MISHKAL’19: A breath of relief for all

The play took Hamra street back to its glory days. It started with 12 distinct opening scenes performed by each artist simultaneously in a different café.
by Sally Farhat

4 September 2019 | 22:32

Source: by Annahar

  • by Sally Farhat
  • Source: Annahar
  • Last update: 4 September 2019 | 22:32

Opening scene during MISHKAL’19 (Photo courtesy of MISHKAL)

BEIRUT: Twelve simultaneous scenes, twelve different locations, one play, one message: it is by time that we start protesting and asking for our basic human rights.

To mark the opening of MISHKAL’19, the eighth edition of the youth festival for all arts at Al Madina Theatre, Artistic Director Awad Awad brought to life a collaborative interactive promenade performance titled “Iza Al Sha’abu Yawman…,” which translates to “if the citizens ever…” in English.

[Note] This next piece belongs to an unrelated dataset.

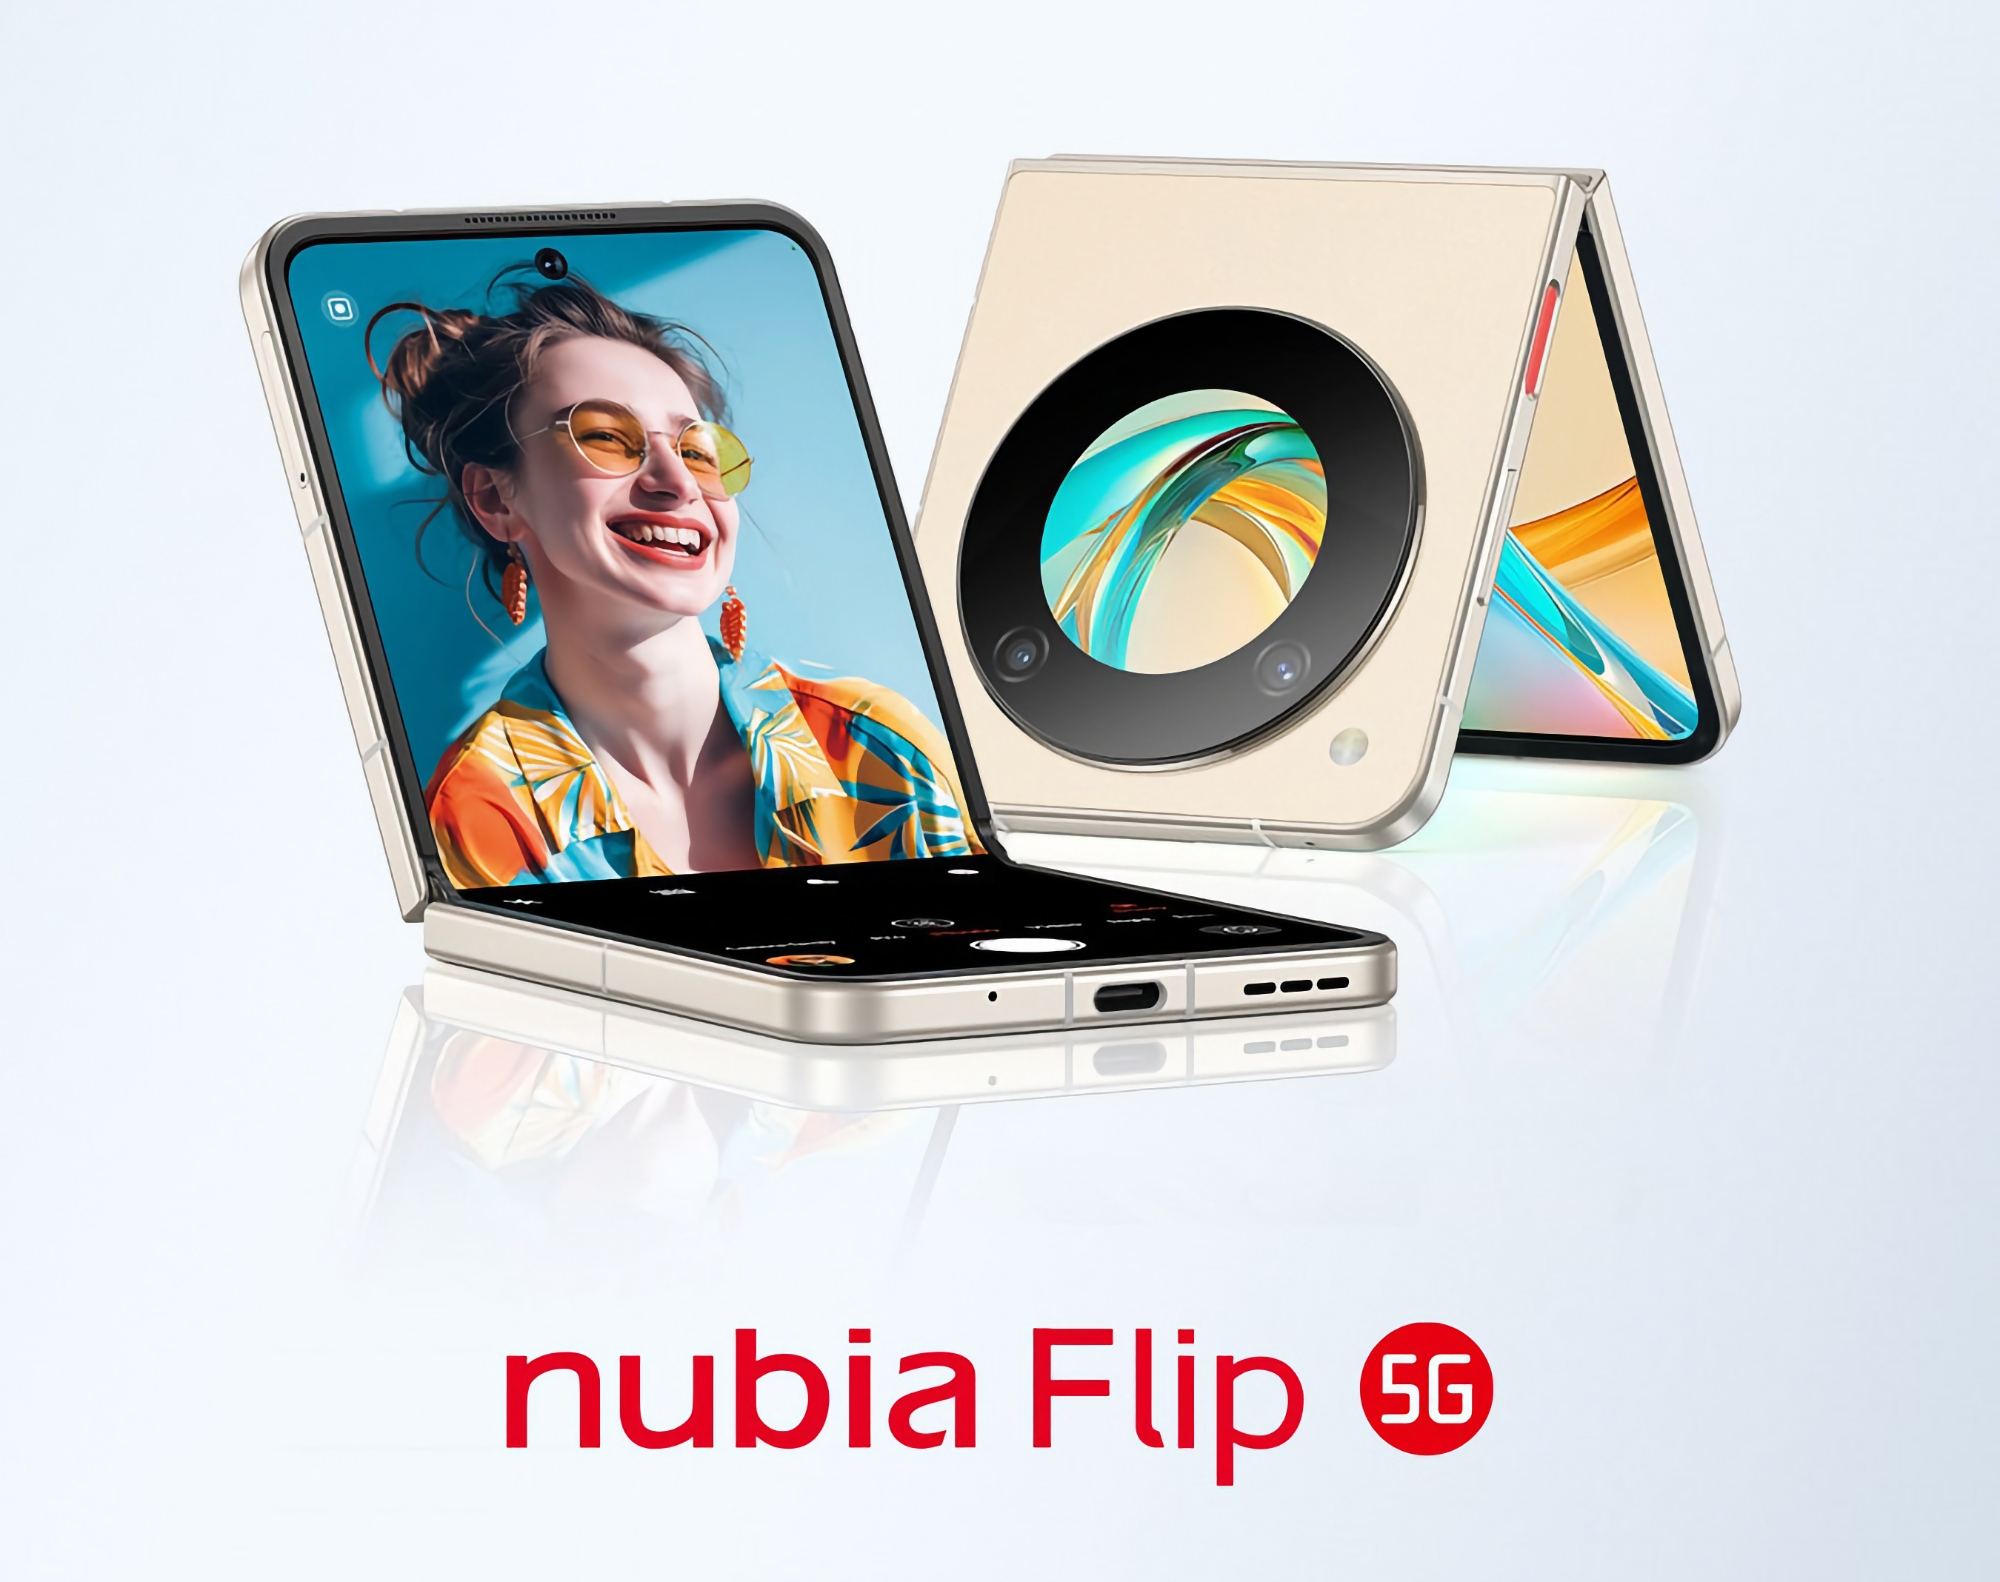 Ab 499 Dollar: Das faltbare Smartphone Nubia Flip 5G mit Snapdragon 7 Gen 1 Chip und zwei Bildschirmen hat sein globales Debüt gegeben

“A promenade play is not site-specific, which means it transcends location boundaries to allow each scene to be performed in a different place,” Awad told Annahar.

In collaboration with a number of prominent performers, which included Nidal Al Ashkar, Mona Al Hallak, Joumana Haddad, Aliya Al Khalidi, Darine Chamseddine, Dima Mikhael Matta, Dana Dia, Nadra Assaf, Mira Sidawi, Mazen El Maouche, Maher Itani, Clown Me In, and Ferket Al Qirab; the performance was the first of its kind in the country.

“I envisioned this play to act as a relief for people,” Awad explained. “We are not usually given the chance to express ourselves freely; this performance intended to make people interact freely with various topics that get on their nerves through theater.”

The play took Hamra street back to its glory days. It started with 12 distinct opening scenes performed by each artist simultaneously in a different café.

Each of these artists addressed one or more of the issues that citizens face and struggle within their daily lives.

The 15 minutes act ended with a protest lead by each performer to Al Madina Theatre, where the performance was concluded.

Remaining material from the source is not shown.